Wie das Weihnachtsgeld berechnet wird
In den meisten Branchen wird das Weihnachtsgeld nicht als fixer Pauschalbetrag ausgezahlt, sondern als Prozentsatz des Monatslohns. So profitieren Arbeitnehmerinnen und Arbeitnehmer, deren Gehalt in diesem Jahr gestiegen ist, automatisch von einem höheren Bonus.
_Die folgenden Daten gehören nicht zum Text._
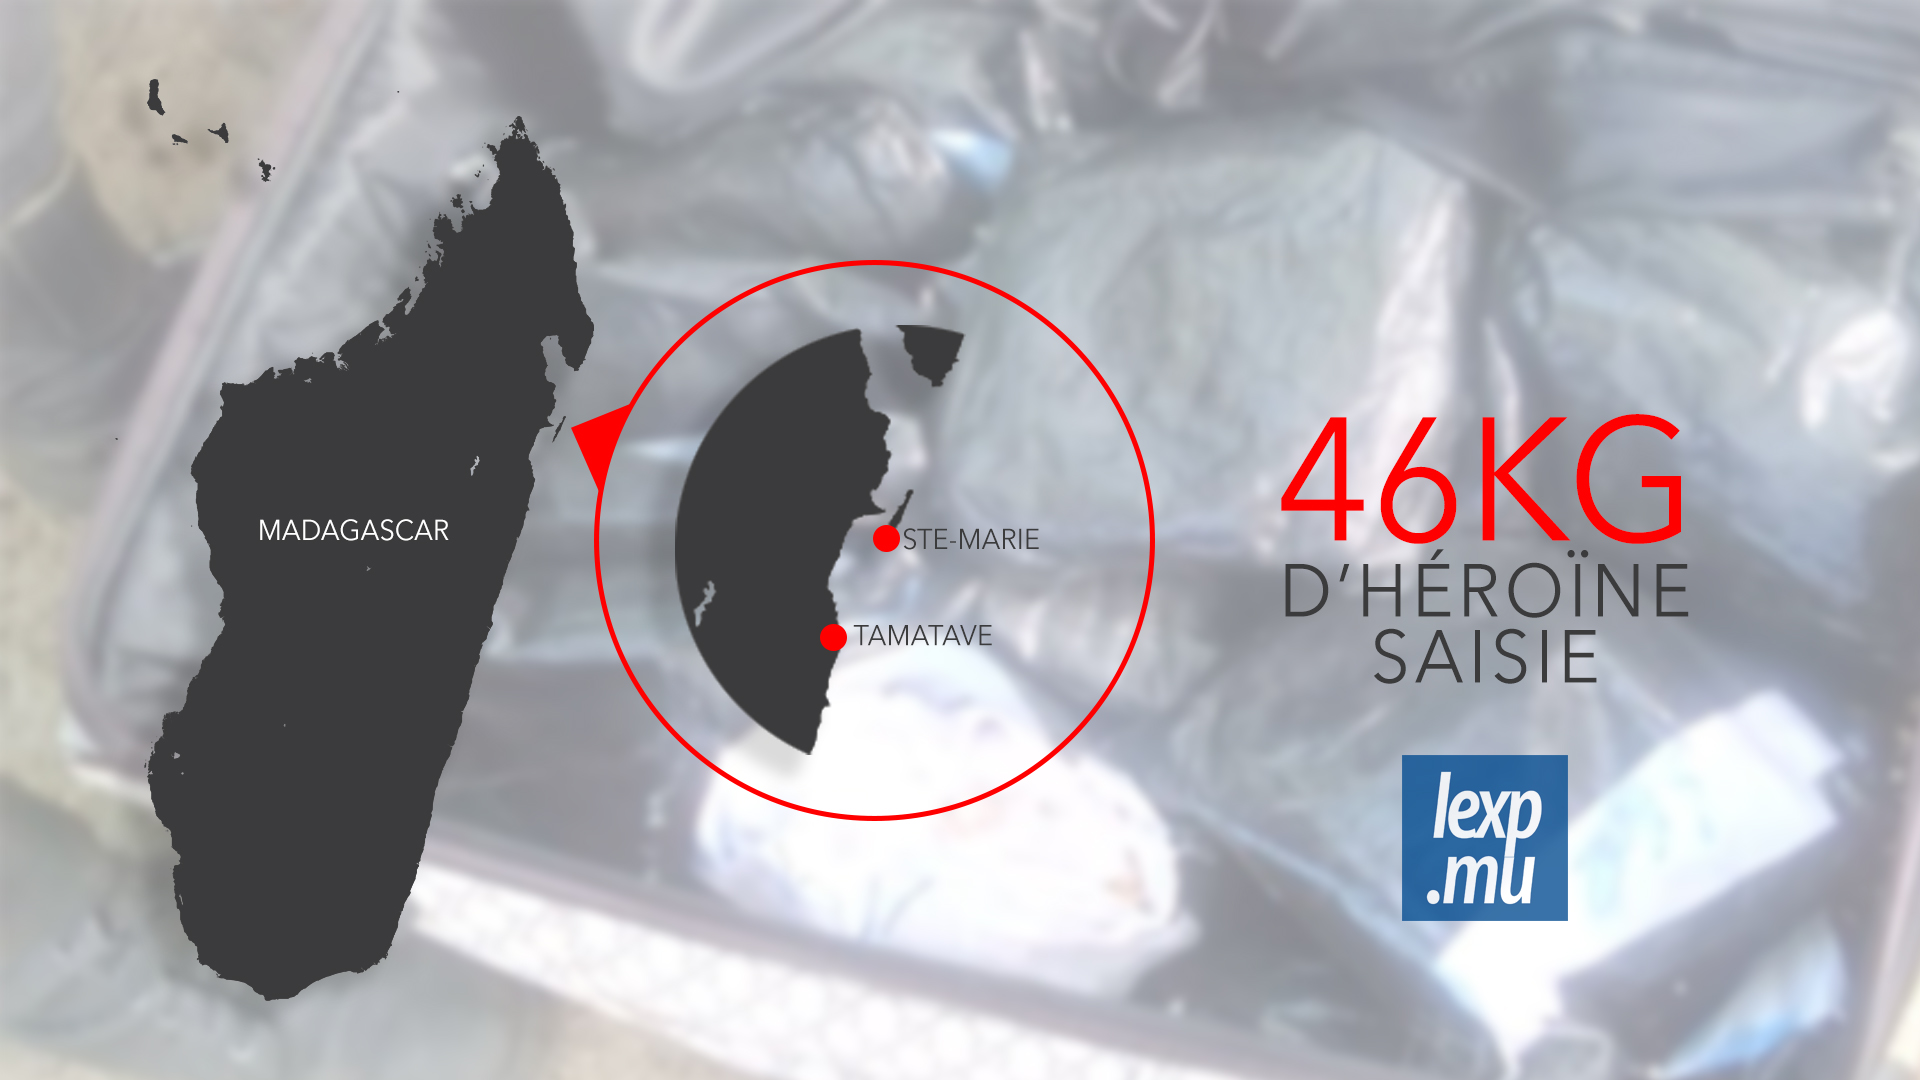 L'affaire des 46kg d'héroïne: voici comment la drogue a été saisie à Madagascar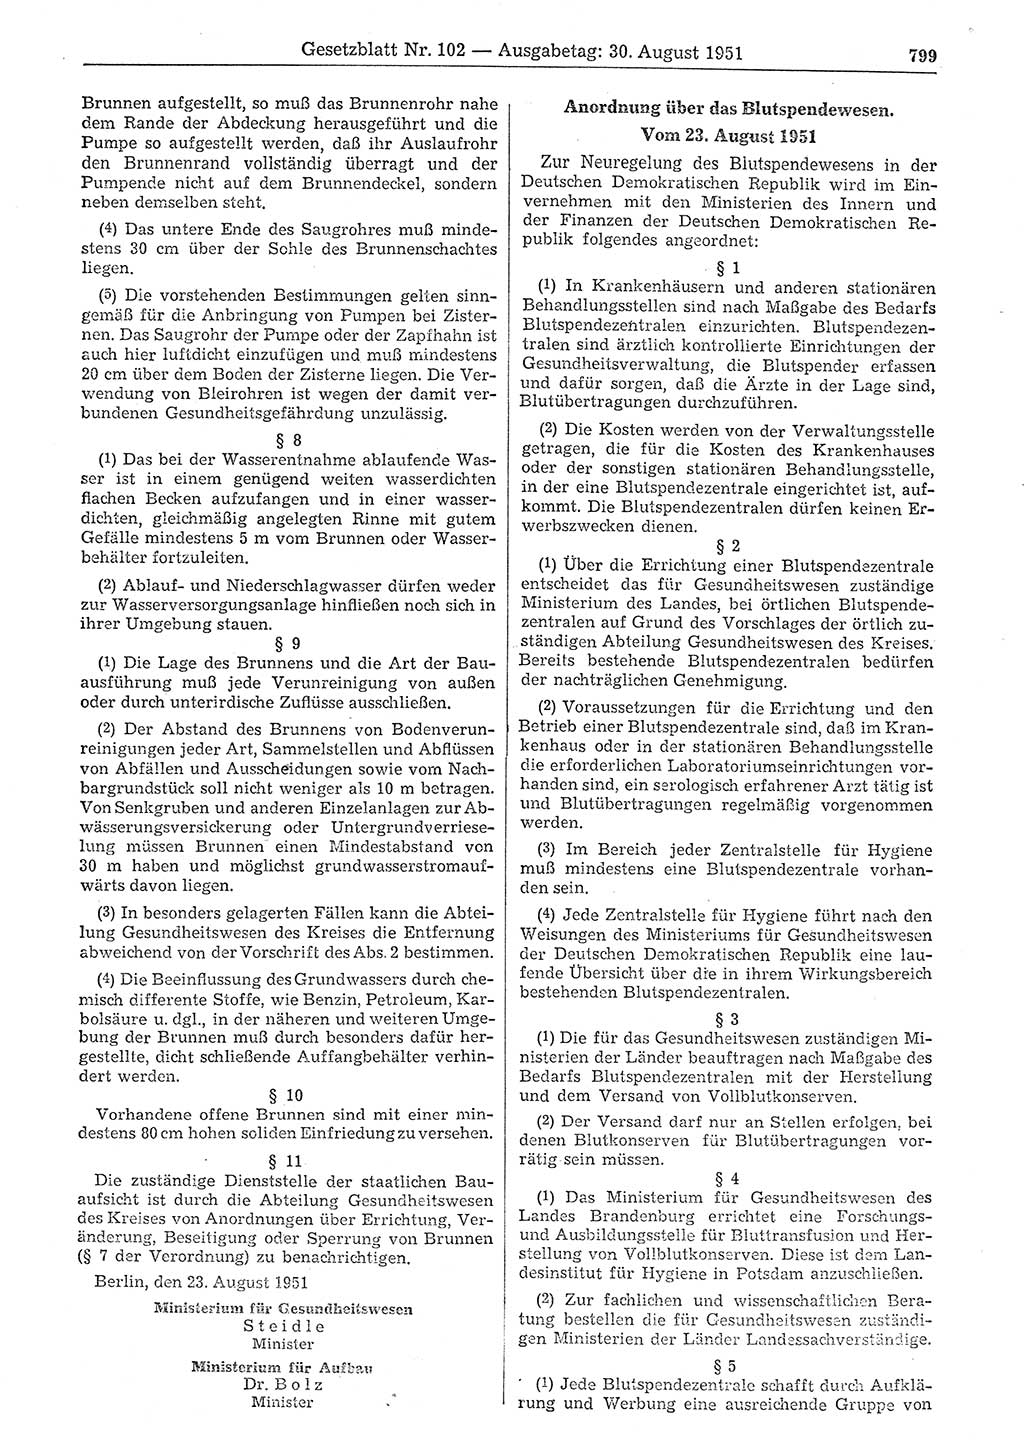 Gesetzblatt (GBl.) der Deutschen Demokratischen Republik (DDR) 1951, Seite 799 (GBl. DDR 1951, S. 799)

Im Gastgewerbe in Bayern etwa stieg die Auszahlung 2025 um rund 9,6 Prozent an, was auf neu verhandelte Tarifverträge zurückzuführen ist. Dennoch liegen die Beträge hier mit durchschnittlich 1.658 Euro im Mittelfeld. Die Höhe der Zahlung orientiert sich dabei meist an der Dauer der Betriebszugehörigkeit oder an festgelegten Lohngruppen. Für viele Beschäftigte bleibt das Weihnachtsgeld eine wichtige finanzielle Entlastung in der teuren Weihnachtszeit.
Kein gesetzlicher Anspruch auf Weihnachtsgeld
Ein weit verbreitetes Missverständnis ist die Annahme, dass es in Deutschland ein gesetzliches Recht auf Weihnachtsgeld gibt. Tatsächlich handelt es sich um eine freiwillige Leistung des Arbeitgebers, sofern sie nicht explizit im Arbeits- oder Tarifvertrag festgeschrieben ist. Hat ein Unternehmen jedoch über mehrere Jahre hinweg regelmäßig gezahlt, kann laut Arbeitsrecht eine sogenannte „betriebliche Übung“ entstehen. Das bedeutet, dass Arbeitnehmerinnen und Arbeitnehmer unter Umständen einen Anspruch geltend machen können, wenn die Zahlung plötzlich ausbleibt. Wichtig zu beachten: Auch das Weihnachtsgeld ist steuer- und sozialversicherungspflichtig, was den Nettobetrag mindert. Juristen raten Beschäftigten, ihre Verträge genau zu prüfen, um mögliche Ansprüche zu erkennen.
Das Weihnachtsgeld bleibt auch 2025 eine freiwillige Zusatzleistung, von der nur etwas mehr als die Hälfte der Beschäftigten profitiert. Tarifverträge bieten hier den zuverlässigsten Schutz, während viele Arbeitnehmerinnen und Arbeitnehmer in nicht tarifgebundenen Betrieben leer ausgehen. Besonders auffällig sind die Unterschiede zwischen Branchen und Geschlechtern. Trotzdem zeigt sich, dass Sonderzahlungen für viele ein wichtiger Bestandteil des Jahreseinkommens sind – vor allem in Zeiten steigender Lebenshaltungskosten. Wer regelmäßig Weihnachtsgeld erhält, kann sich glücklich schätzen, denn ein gesetzliches Recht darauf besteht nicht. Die aktuelle WSI-Studie verdeutlicht einmal mehr, wie ungleich verteilt die finanzielle Weihnachtsfreude in Deutschland ist.